VCU Advertising

overall goal for vcu advertising
We have the opportunity to make a huge, positive impact on students’ lives and on the community. Inspire students to reach their full potential. Strive to provide the best ad education (for the money).

how to help students learnVCU_Advertising
The VCU Advertising curriculum favors:
• using hands-on learning over textbook learning.
• giving many opportunities for feedback instead of one or two big assignments.
• assessing learning on projects instead of using tests.
• sharpening thinking skills over technical skills.
• having a practical focus instead of theoretical focus.
• giving assignments that build on previous learning over knowledge pools.
• enforcing a rigorous program instead of a cakewalk.
• providing authentic challenges that are experienced in the profession instead of busy work.

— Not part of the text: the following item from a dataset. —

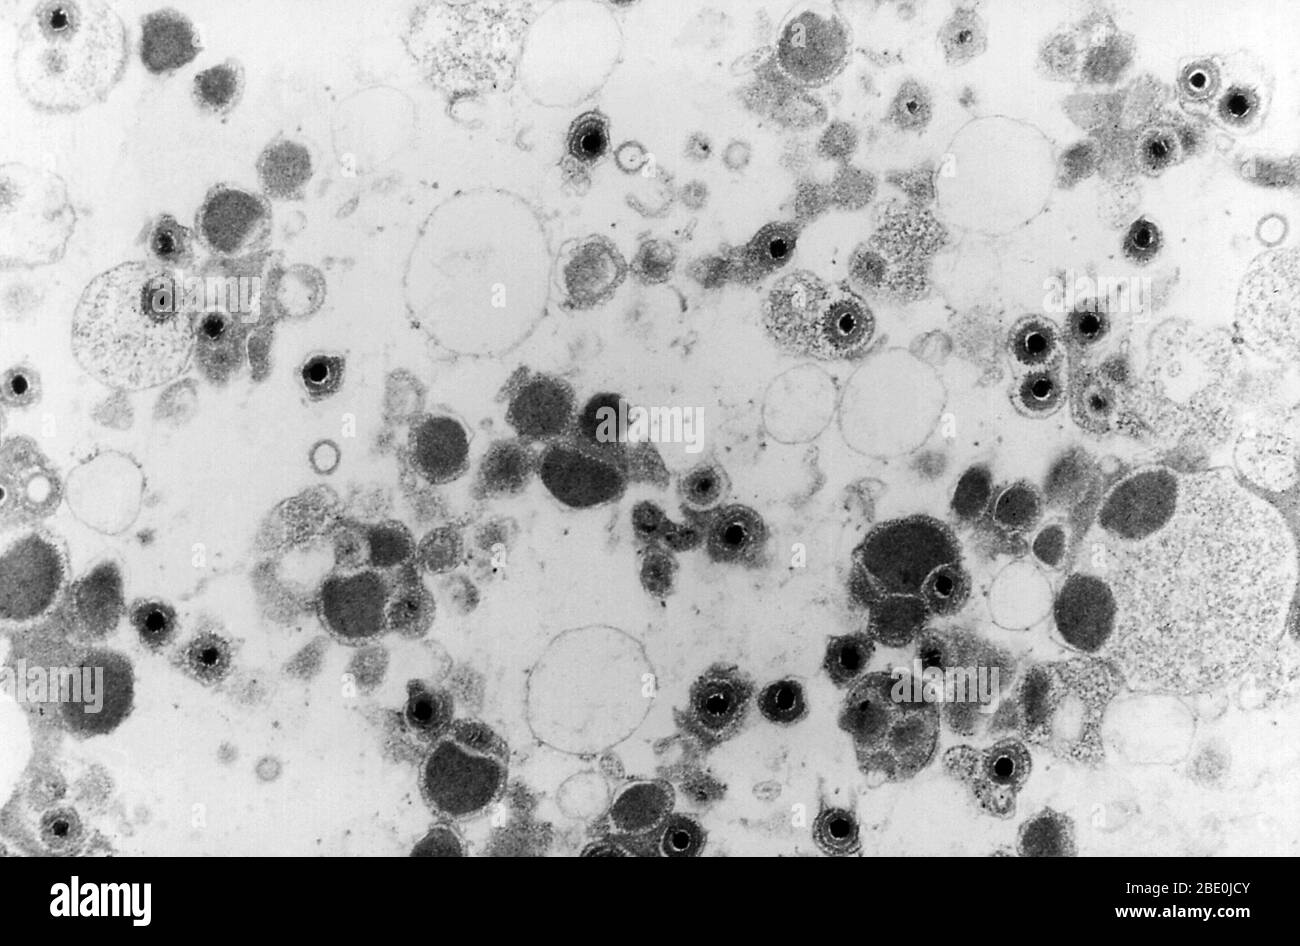 La micrografia elettronica a trasmissione (TEM) mostra un certo numero di virioni citomegalovirus presenti in un campione di tessuto sconosciuto. Il citomegalovirus (CMV) è un genere di virus dell'ordine Herpesvirales, appartenente alla famiglia Herpesviridae, appartenente alla sottofamiglia Betaherpesvirinae. Gli esseri umani e le scimmie servono come ospiti naturali. Il citomegalovirus è un virus del DNA a doppio filamento (dsDNA). Attualmente, in questo genere sono presenti otto specie, tra cui la specie tipo, il citomegalovirus umano (HCMV, herpesvirus umano 5, HHV-5), che è la specie che infetta gli esseri umani. Nella letteratura medica, la maggior parte delle menzioni di CMV senza ulteriori specifiche Foto Stock

grade with accuracy and fairness
We strive for excellence by creating a rigorous learning environment. Please set high standards, and you’ll see that the students will do impressive work. A good rule of thumb for grading is:
• 10 – 20% of the work will be exceptional = A.
• 15 – 25% of the work will be above average = B.
• 25 – 50% of the work will be average = C.
• 10 – 20% of the work will be below average = D.
•   0 – 10% of the work will be poor = F.

mark your calendar for success
Before Day 1:  Design the course. Write the syllabus. Develop the course calendar (search “vcu academic calendar” for days the university is closed). Create the assignments.
Day 1 or before:  Distribute the syllabus. Blackboard makes it easy — no need to print multiple copies of the syllabus. Email the syllabus to Francis Lynch (in the MASC main office) at She needs to keep a copy.
Week 4:  In class, talk about why the course is important. Discuss the design of the course and what students should learn in the class. Show how the course connects with the profession and with the rest of the VCU Ad curriculum. Tell your story (your learning experiences, your day-to-day professional life, your passions, and your avocations).
Week 6:  Reach out to students who are not engaged in the course. Encourage them to have a dialogue with you. Show that you care about them and their success.
Week 8:  The midpoint. Ask for anonymous feedback on the course and your teaching of it. Find out what students like and what is most challenging. See what things students want to learn.
Week 14:  Ask students to reflect on the course. What unexpected things did they learn?  What was most valuable? What was the least useful? What was most challenging? How will they use the learning in the future? Discuss these things with the class.
Week 15:  Celebrate the successes of the experience. Check the VCU academic calendar for when grades are due on eServices.